This includes commitments to purchase 10 B737-800 aircraft, which we have entered into a definitive agreement to sell to a third party
immediately following delivery of these aircraft to us by the manufacturer starting in 2007. The impact of these sales on the future commitments
above would be a total reduction of approximately $395 million during the period 2006 – 2008.
(5) Interest payments related to capital lease obligations are included in the table. The present value of these obligations, excluding interest, is
included on our Consolidated Balance Sheets. For additional information about our capital lease obligations, see Note 9 of the Notes to the
Consolidated Financial Statements.
(6) This amount represents our minimum fixed obligation under our contract carrier agreements with Chautauqua Airlines, Inc. ("Chautauqua"),
Shuttle America, ASA, SkyWest Airlines, and Freedom (excluding contract carrier lease payments accounted for as operating leases, (see
footnote (3) above)). For additional information regarding our contract carrier agreements, see Note 10 of the Notes to the Consolidated
Financial Statements.
(7) Includes purchase obligations pursuant to which we are required to make minimum payments for goods and services, including but not limited to
insurance, outsourced human resource services, marketing, maintenance, obligations related to Comair, technology, and other third party
services and products. For additional information about other commitments and contingencies, see Note 10 of the Notes to the Consolidated
Financial Statements.
(8) Represents other liabilities on our Consolidated Balance Sheets for which we are obligated to make future payments related to medical benefit
costs incurred but not yet paid and payments required under the pilot collective bargaining agreement for unused vacation time. These liabilities
are not included in any other line item on this table.

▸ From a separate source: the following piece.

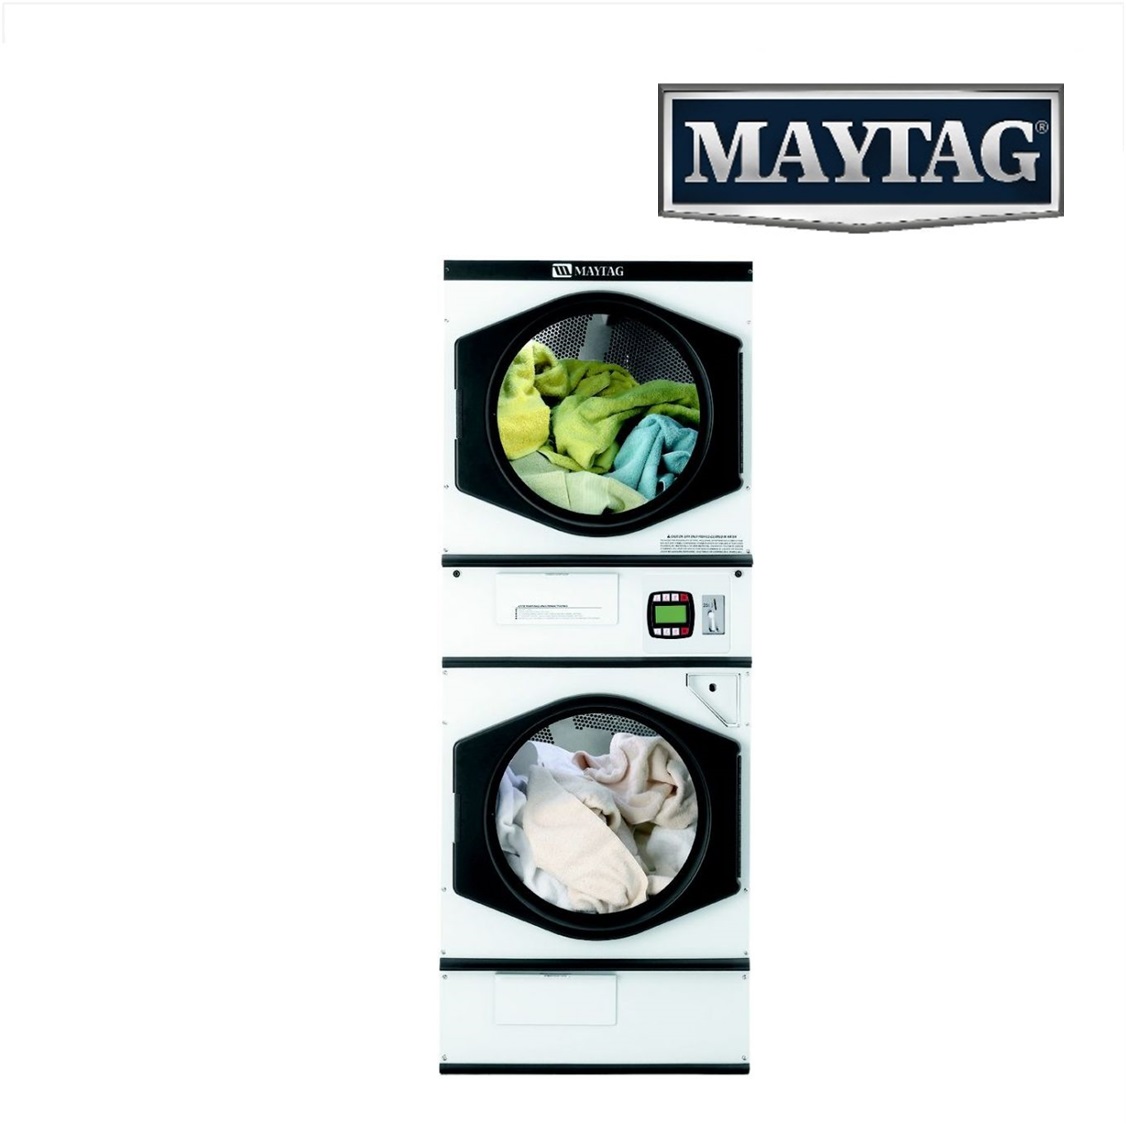 MAYTAG 2 x 13 kgs. Multi-Load Industrial Stacked Dryer & Dryer, Card Reader Ready MLG31PD

(9) In addition to the contractual obligations included in the table, we have significant cash obligations that are not included in the table. For
example, we will pay wages required under collective bargaining agreements; fund pension plans (as discussed below); purchase capacity under
contract carrier arrangements (as discussed below); and pay credit card processing fees and fees for other goods and services, including those
related to fuel, maintenance and commissions. While we are parties to legally binding contracts regarding these goods and services, the actual
commitment is contingent on certain factors such as volume and/or variable rates that are uncertain or unknown at this time. Therefore, these
items are not included in the table. In addition, purchase orders made in the ordinary course of business are excluded from the table and any
amounts which we are liable for under the purchase orders are included in current liabilities on our Consolidated Balance Sheets.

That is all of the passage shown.